PRESENTATIONS for the final projects on Apr 25 and 27 will be held during regular class time, but in Wartik 501 (central room of the 5th floor) instead of our usual Willard location.
Link to notes and materials for Naomi Altman's lectures.
LECTURES and ASSIGNMENTS
More on preprocessing MA data: Missing value imputation, other preliminary transformations, filtering.

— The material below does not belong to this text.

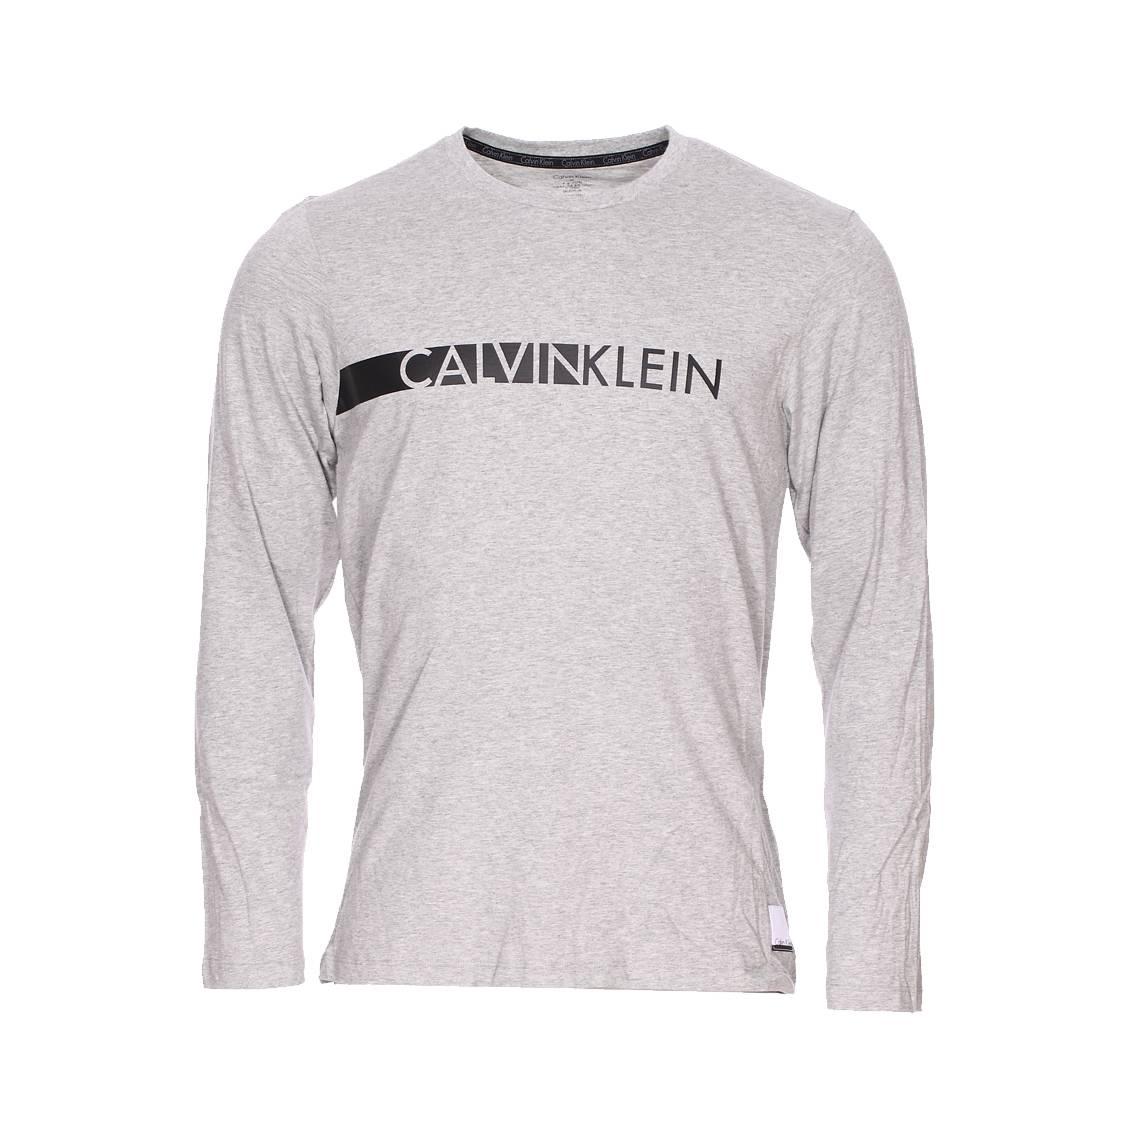 Tee-shirt manches longues calvin klein gris chiné floqué

Reading assignment: a paper that gives a good instance of how people think about missing value imputation for microarray data is Troyanskaya, O., Cantor, M., Sherlock, G., Brown, P., Hastie, T., Tibshirani, R., Botstein, D., and Altman, R. B. (2001), Missing value estimation methods for DNA microarrays, Bioinformatics 17(6):520-525. Consider the procedure proposed to evaluate various imputation methods in this paper, and refer to the concepts of missing completely at random, at random, not at random (as introduced in the lecture). Do you see any problems with the proposed evaluation procedure?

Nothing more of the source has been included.